Biomedical informatics with optimization and machine learning
© The Author(s). 2017
Received: 3 February 2017
Accepted: 3 February 2017
Published: 8 February 2017
Fast-growing biomedical and healthcare data have encompassed multiple scales ranging from molecules, individuals, to populations and have connected various entities in healthcare systems (providers, pharma, payers) with increasing bandwidth, depth, and resolution. Those data are becoming an enabling resource for accelerating basic science discoveries and facilitating evidence-based clinical solutions. Although the methods for extracting patterns from data have been around for centuries, it is still extremely difficult to transform massive data into valuable knowledge by these traditional means of analysis. This motivates the development of modern analytics methods, which are designed to discover meaningful representations or structures of data using optimization and machine-learning methods. In a broad sense, there are two types of applications in biomedical informatics where optimization and machine-learning methods are commonly used. One focuses on the knowledge discovery by analyzing historical data to provide insights on what happened and why it happened. Methods such as data statistical modeling, trend reporting, and visualization as association and correlation analysis have been commonly used in this sort of applications. Another sort of applications, on the other hand, focus on prediction and decision-making applications that use a known dataset (aka the training dataset), and which includes input data features and response values, to build a predictive model and scale it to make predictions using unseen data (aka the test dataset).

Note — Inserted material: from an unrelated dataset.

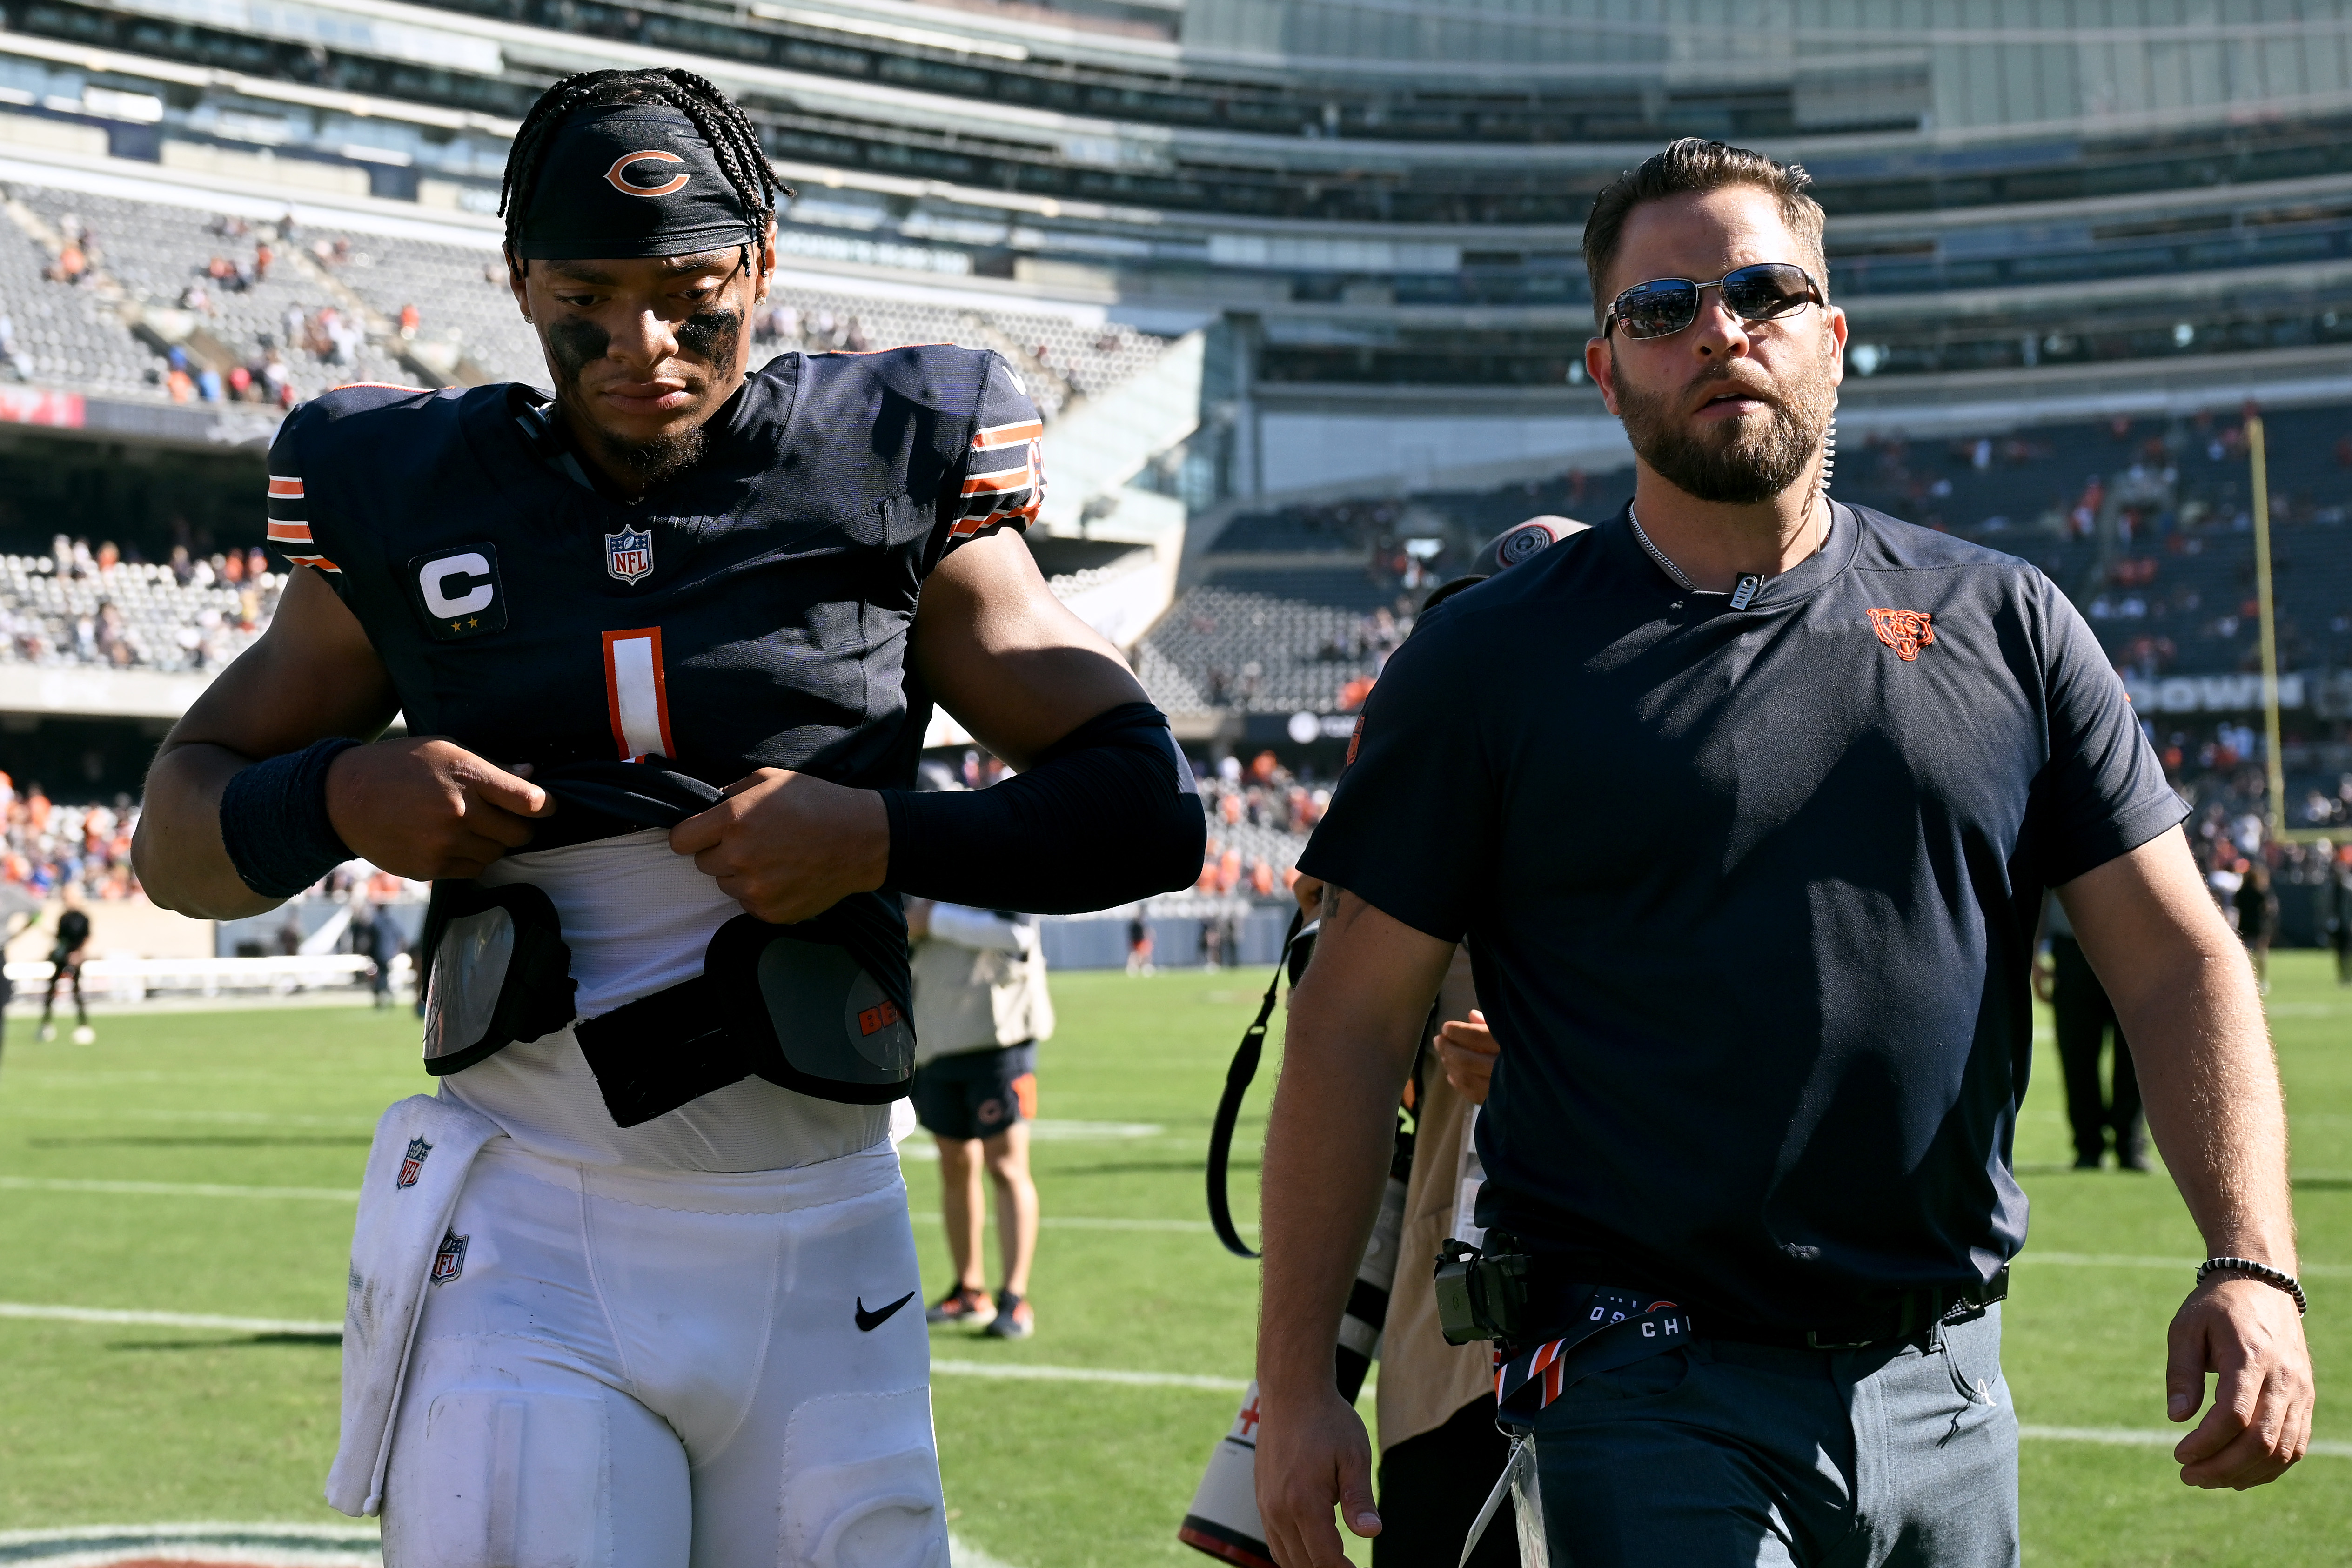 After Bears blow 21-point lead, it's fair to question if they're ready to win

It has been a consensus that the sheer volume and complexity of the data we could easily acquire nowadays in biomedical informatics present major barriers toward their translation into effective clinical actions. There is thus a compelling demand for novel algorithms, including machine learning, data mining, and optimization that specifically tackle the unique challenges associated with the biomedical and healthcare data and allow decision-makers and stakeholders to better interpret and exploit the data. Recent years have witnessed major breakthroughs in machine learning when it is equipped with powerful optimization technologies. On a general note, biomedical data often feature large volumes, high dimensions, imbalanced classes, heterogeneous sources, noisy data, incompleteness, and rich contexts. Such demanding features are also driving the development of numerical optimization algorithms in tandem with machine learning algorithms. For example, it has been a challenge to deal with roadblocks in the biomedical informatics area given the ubiquitous existence of data challenges such as imbalanced datasets, weakly structured or unstructured data, noisy and ambiguous labeling. Also, the optimization algorithms should scale up to the complexity of biomedical data that is usually large-scale, high-dimensional, heterogeneous, and noisy. It is also of much interest to study and revisit traditional machine-learning topics such as clustering, classification, regression, and dimension reduction and turn them into powerful customized approaches for the newly emerging biomedical informatics problems such as electronic medical records analysis and heterogeneous data fusion.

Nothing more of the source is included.